#### Your assignment:
Go through the listing below, and from the line containing "動画 センチメンタル やる気 ピア...の再生済みの波形" through its last line, transcribe every line exactly, skipping pictures.

---*---

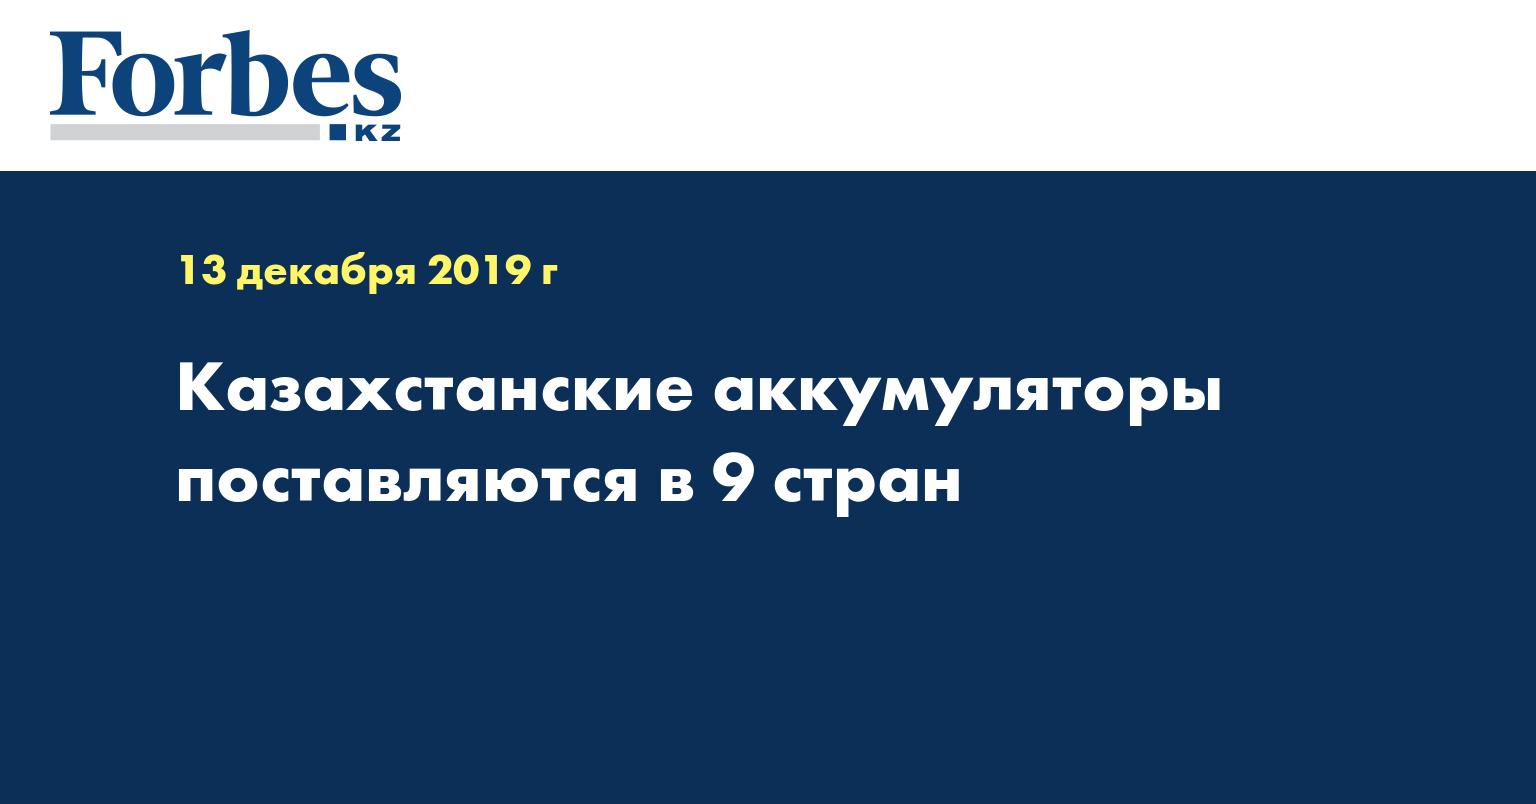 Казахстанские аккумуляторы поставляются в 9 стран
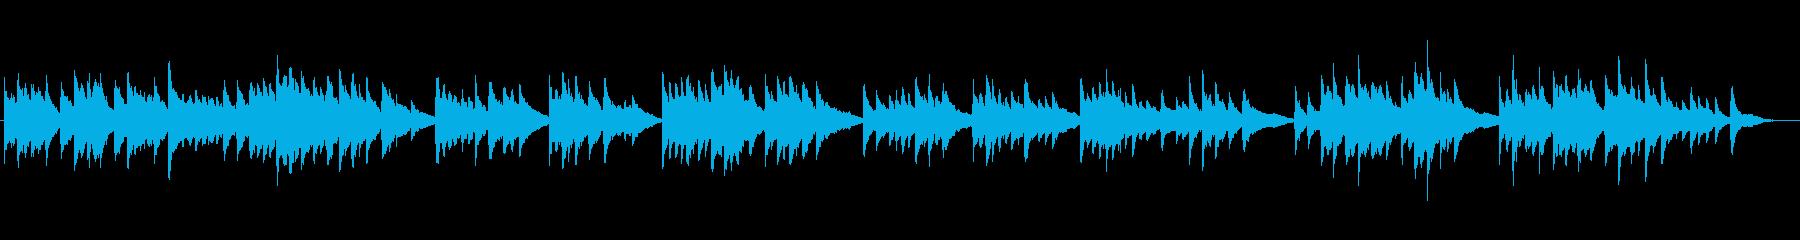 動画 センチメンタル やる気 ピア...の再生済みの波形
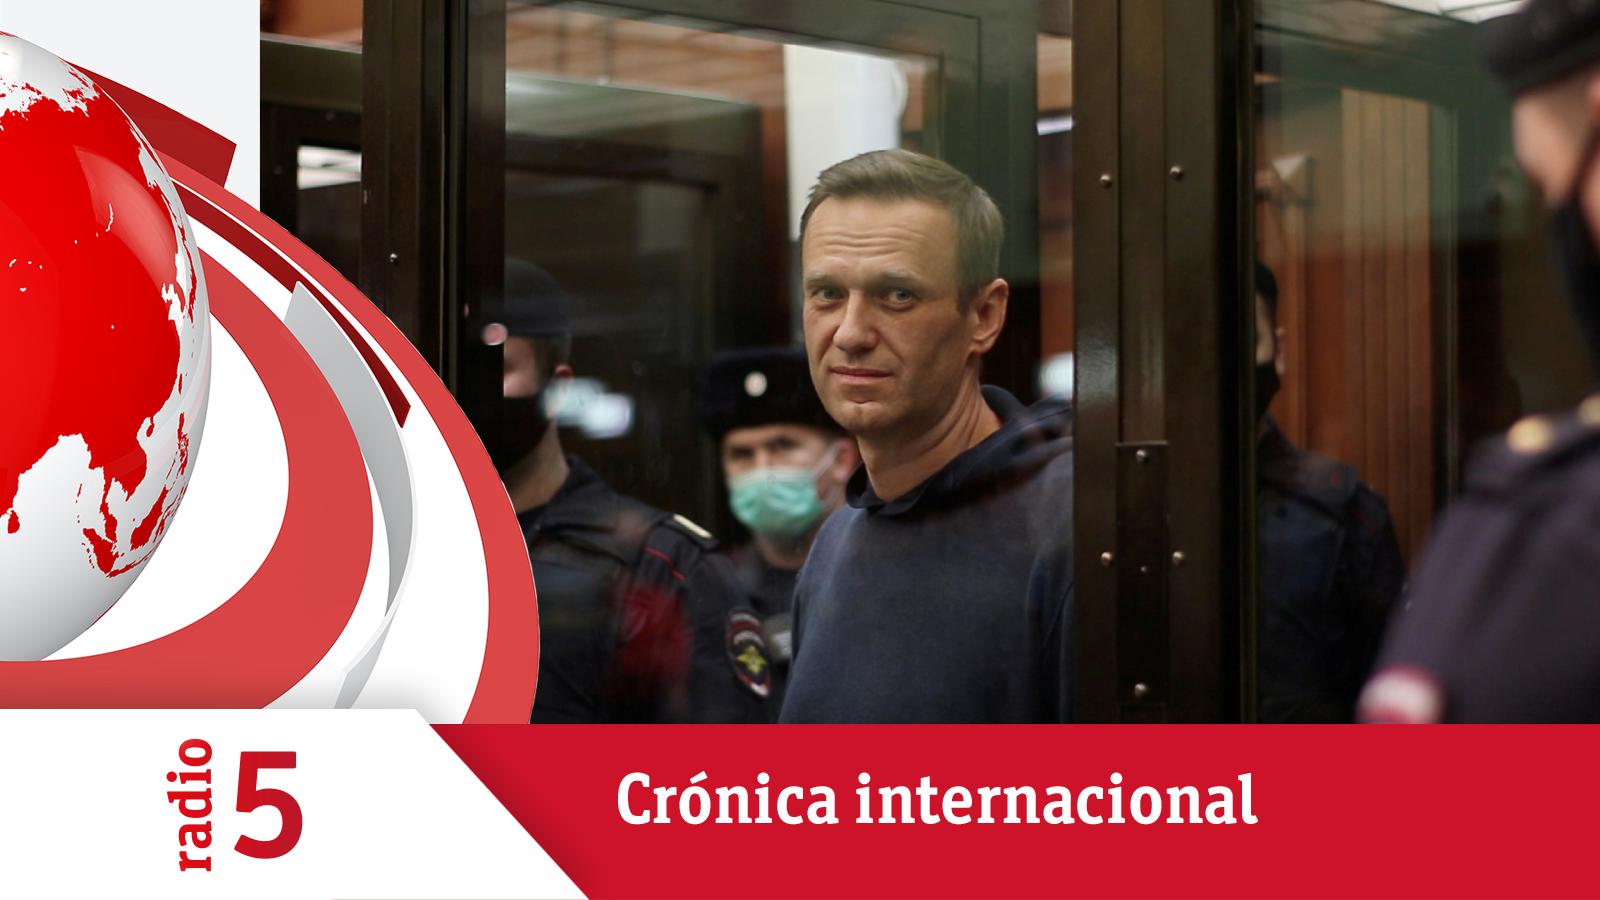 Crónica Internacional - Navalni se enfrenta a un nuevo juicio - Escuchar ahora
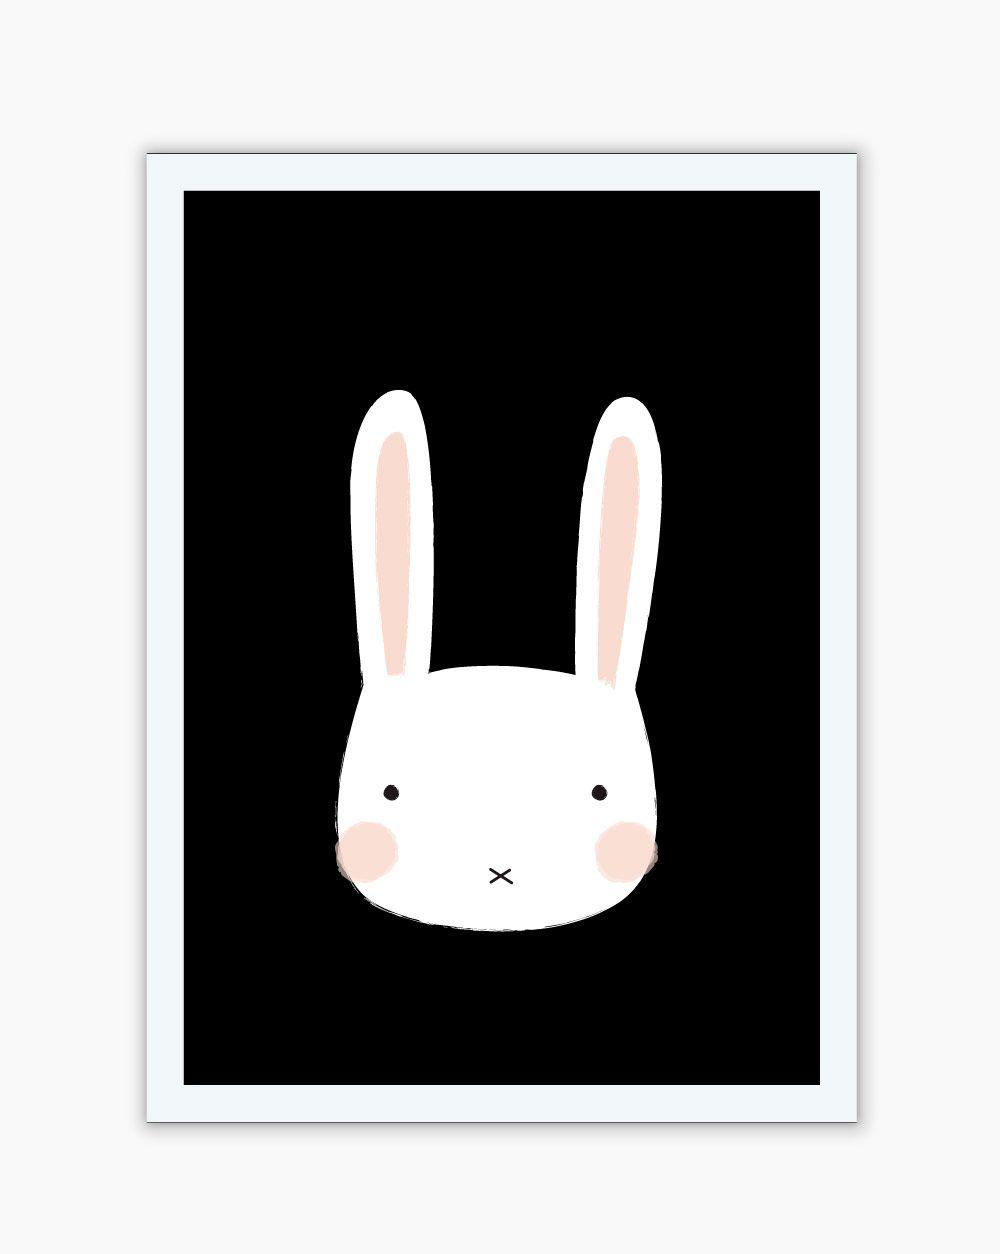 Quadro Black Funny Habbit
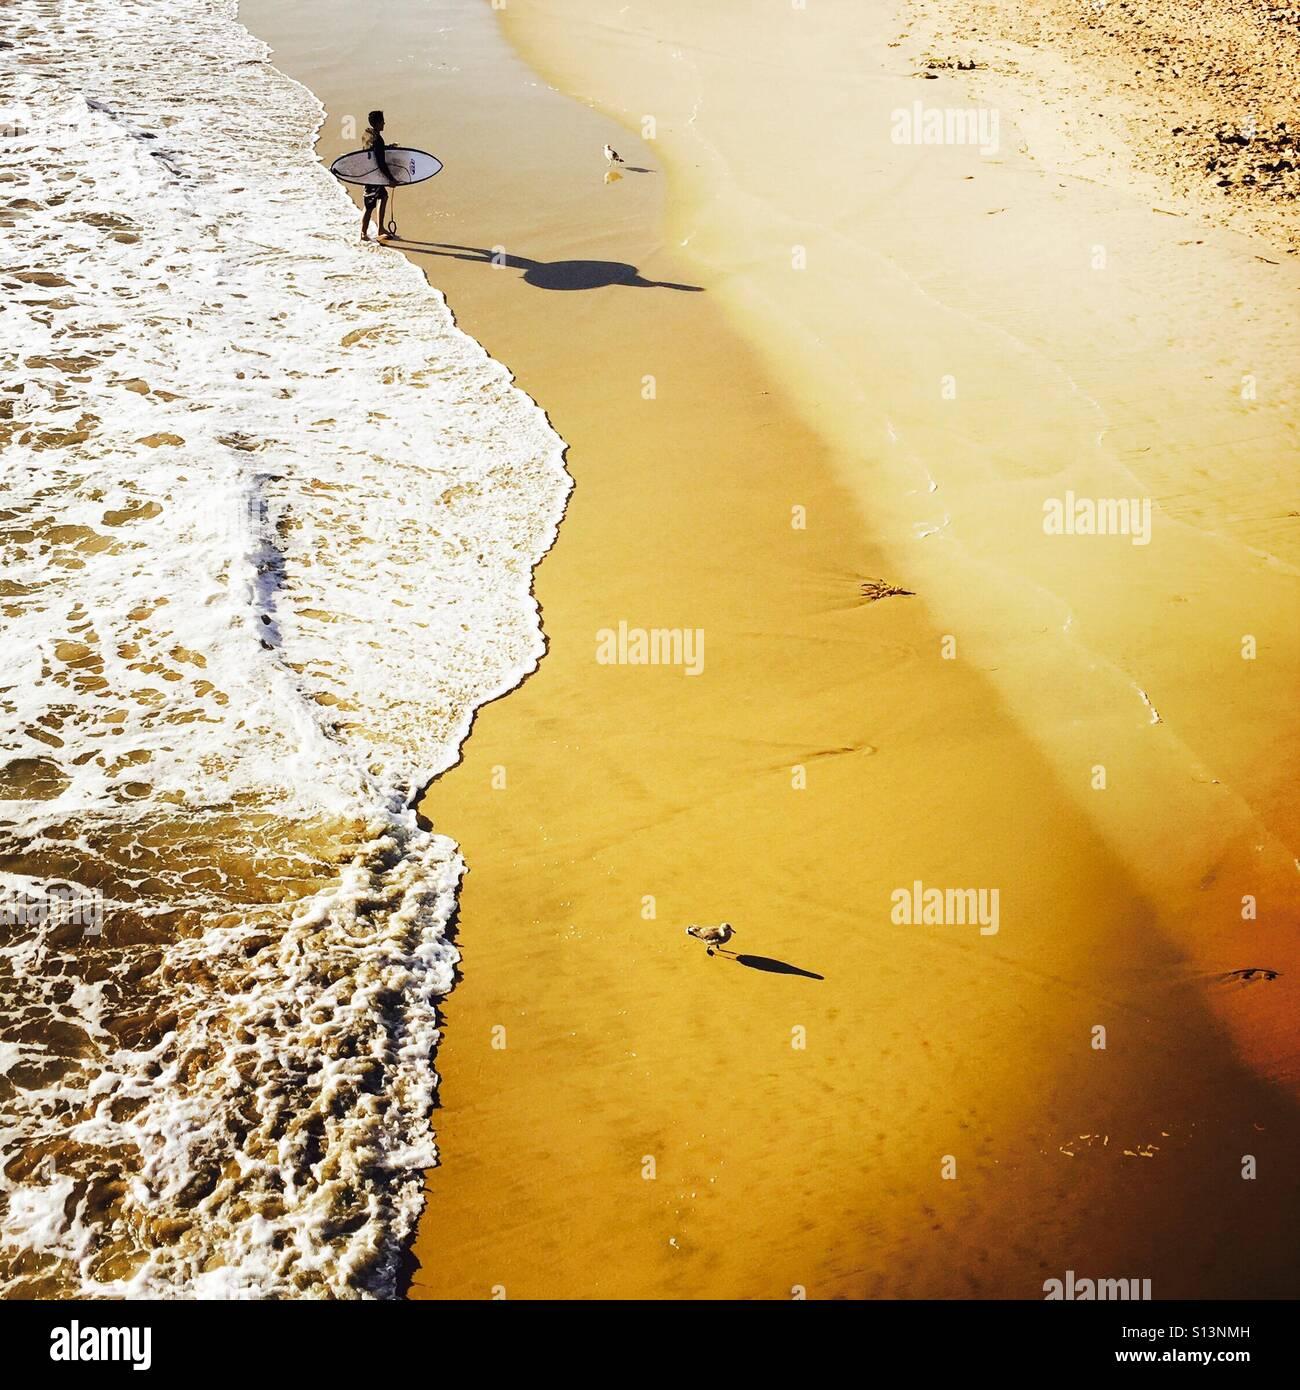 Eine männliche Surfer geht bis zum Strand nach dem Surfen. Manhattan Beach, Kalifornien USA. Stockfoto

---*---

#### Solution to the problem:
 動画 センチメンタル やる気 ピア...の再生済みの波形
 Crónica Internacional - Navalni se enfrenta a un nuevo juicio - Escuchar ahora
 Quadro Black Funny Habbit
 Eine männliche Surfer geht bis zum Strand nach dem Surfen. Manhattan Beach, Kalifornien USA. Stockfoto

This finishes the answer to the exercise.